Last week when the farm bill with potential cuts to food stamps were being debated several liberal members of congress attempted to go shopping on a food stamp budget for one person for a week. I know Peter DeFazio went a bit over, not sure about the others. Anyway, Republicans naturally dismissed them as grandstanding. One of Rep. Stockman's (R-Texas) aides took the challenge and frankly, didn't do too well. The aide's shopping list. And from the companion article on the net, HE didn't actually do the shopping. He sent an assistant out to do that little chore. Also not mentioned was a container of milk.
For $21.55 Ferguson purchased at Dollar Tree:
Two boxes of Honeycomb cereal
Three cans of red beans and rice
Jar of peanut butter
Bottle of grape jelly
Loaf of whole wheat bread
Two cans of refried beans
Box of spaghetti
Large can of pasta sauce
Two liters of root beer
Large box of popsicles
24 servings of Wyler’s fruit drink mix
Eight cups of applesauce
Bag of pinto beans
Bag of rice
Bag of cookies
As you can see, this is certainly a well balanced diet. NOT. OK, mom and I can cook and we aren't on food stamps. What you will not see on our shopping list if we were. The soda, the popsicles, the fruit drink mix and the cookies. I can bake my own thank you. Ditto on the boxed cereal. We buy in bulk oatmeal, five grain cereal, dried beans, brown sugar, spices, herbs and pasta. Much of that got started not only for cost but we don't have to throw away or recycle the packaging. We buy family packs of what meat or sausage we do eat divide it into smaller sections and freeze it. I have no arguments with peanut butter and at least he had them get whole wheat bread.
I suspect that if I had to stretch a dollar until screamed for mercy I'd be checking out dried milk and egg products, especially for baking. And canned products would definitely be store brands.We haven't seen much difference in quality between store brand or name brand flour and sugar and I may start checking out the bulk prices just for the heck of it so that I can ball park what something like the following might cost per serving. Oh, and what I have noticed is that packages of sugar that used to weigh five pounds now weigh four and the prices are only a few cents cheaper.

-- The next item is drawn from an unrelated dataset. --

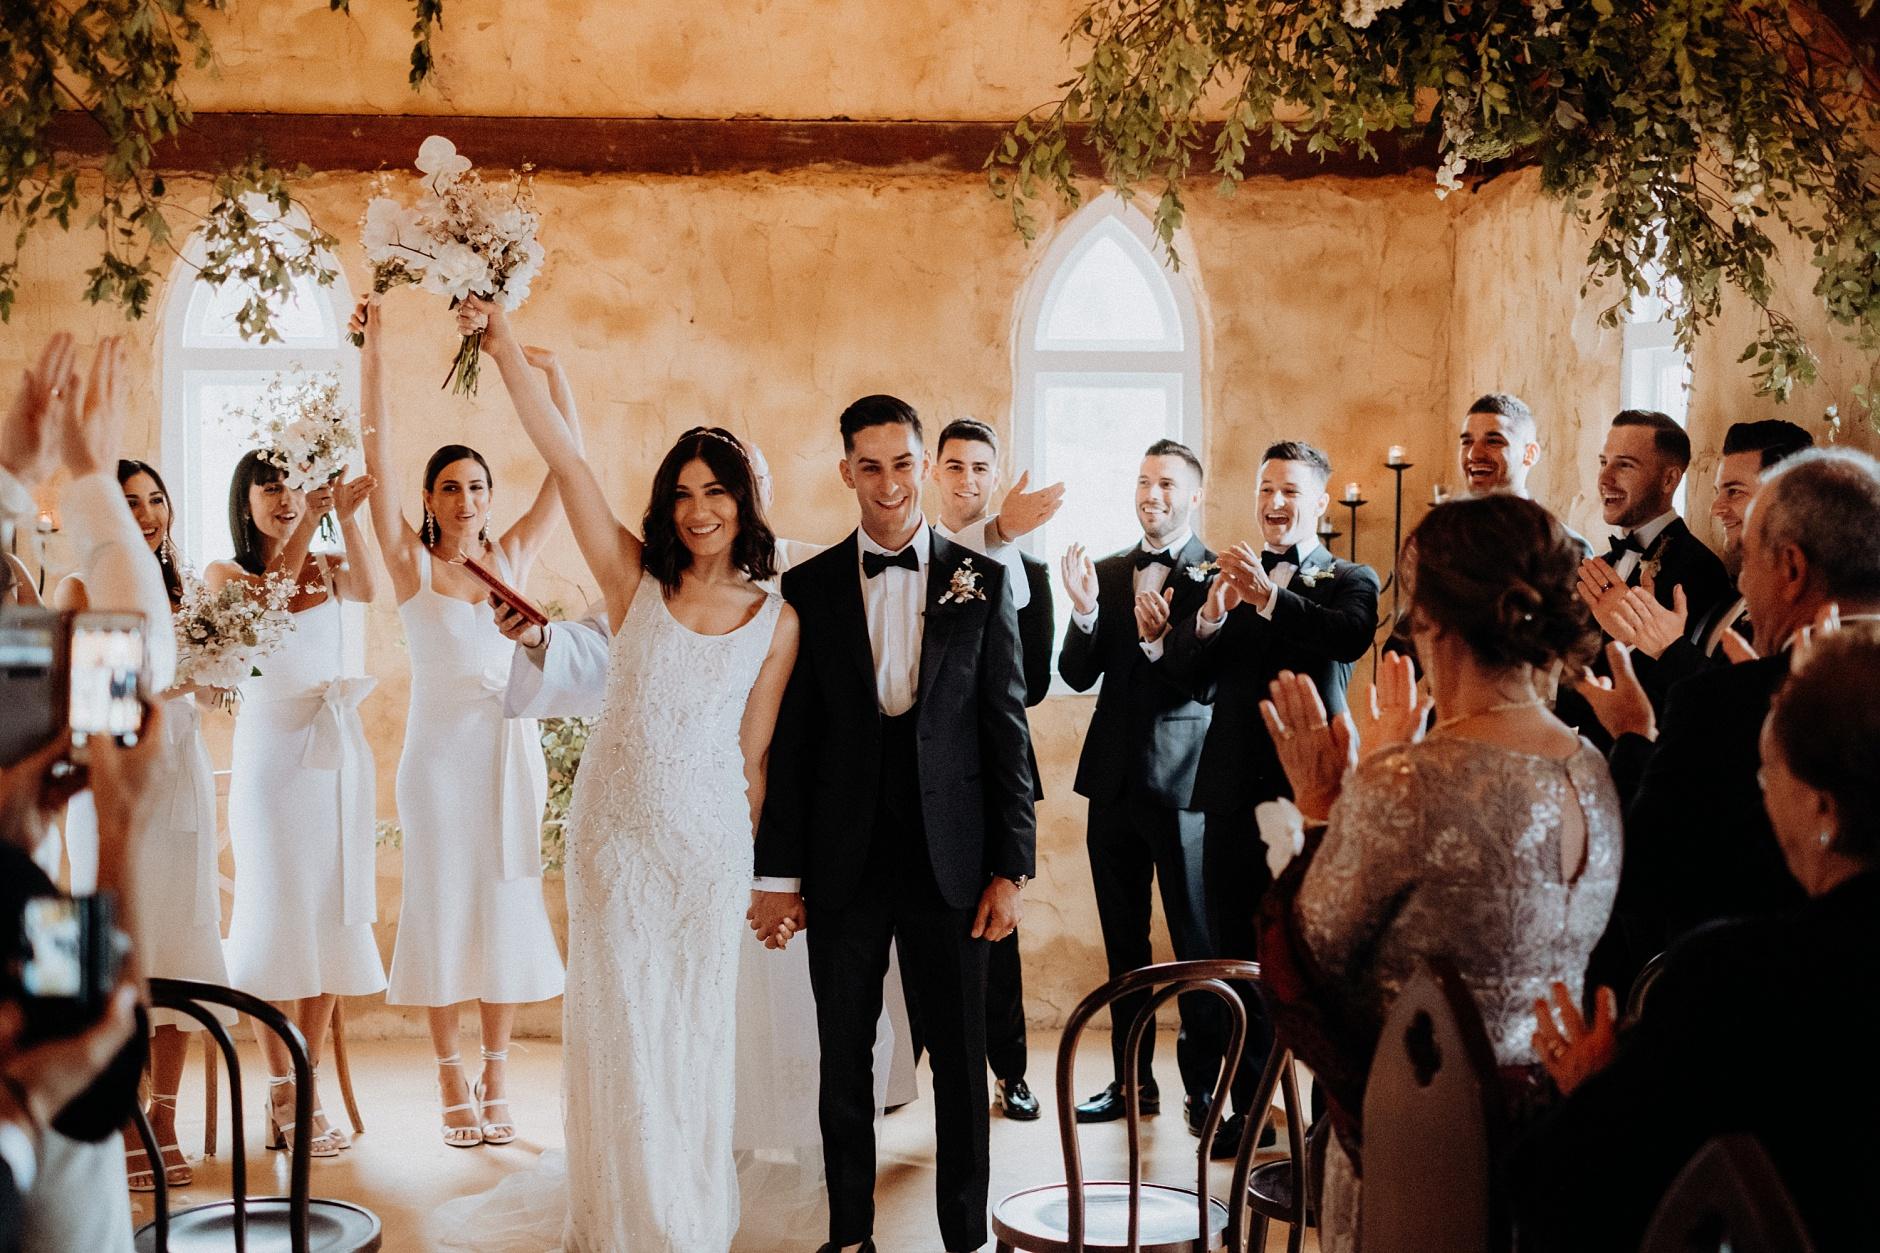 cassandra&cameron0481a_Peppers-Creek-Wedding.jpg

Store brand and name brand both.
Pasta dish I made the other night. Probably would have served a family of four with a couple of hungry kids fairly well.
Started with six cups of water and added
1/4 cup soup starter veggies
Spoon of chicken base
Some dried onions and dried chopped garlic
About 2 1/2 cups rotini pasta
This is less water than you usually use for pasta so you have to watch it make sure it cooks evenly and doesn't go dry. The idea is to use up most of the liquid. When it got a little scant I drained the liquid off the can of tomates I was going to use and added that. No extra salt was used beyond the soup base and whatever was in the tomatoes added later. The idea is to use the soup veggies to ramp the flavor on the pasta.
When the pasta was done I added the half package of chopped spinach left over from last weeks impossible quiche and the can of chopped S&W tomatoes with garlic and basil. Both the veggies were name brand. I suspect that if the budget was tighter they'd have been WinCo's store brand. Not quite the same quality but they'll do as ingrediants in something else. As a luxery I added the last half pound of Italian sausage hiding out in the freezer. Topped with a generous topping of domestic parmesan it made a pretty good one dish meal.
More than one commenter pointed out that he'd used his food stamps to buy the very things conservatives who attack the program bitch about. Sodas and desserts. "People shouldn't be allowed to buy that stuff on my dime." I guess the aide didn't get that memo.
I don't envy anyone with kids trying to make it on a food stamp budge. Especially when the kids hit that can't fill 'em up no matter how hard to try age. But, grudging food to anyone, especially when we're still subsidizing corn and soy so we can use it for livestock feed is just plain stupid. We do eat some meat. But, like that pasta dish it's almost always an ingrediant, not served on it's own. And we know how to cook.
2 comments:
Have you ever bought the food they sell at Dollar Tree? It is usually stale, gross, outdated and/or packaged in god-knows-where. I just DON'T buy food at Dollar Tree. And I don't see why folks that are living on food stamps should be forced to buy it either.
There were several comments on the TP story that said the same thing. Like I said, I wonder who usually does the shopping for him. And I suspect that most of us who grew up working class in the fifties and sixties know a bit about stretching a food dollar until squeaks for mercy and then stretch it some more. And still ate pretty darn well.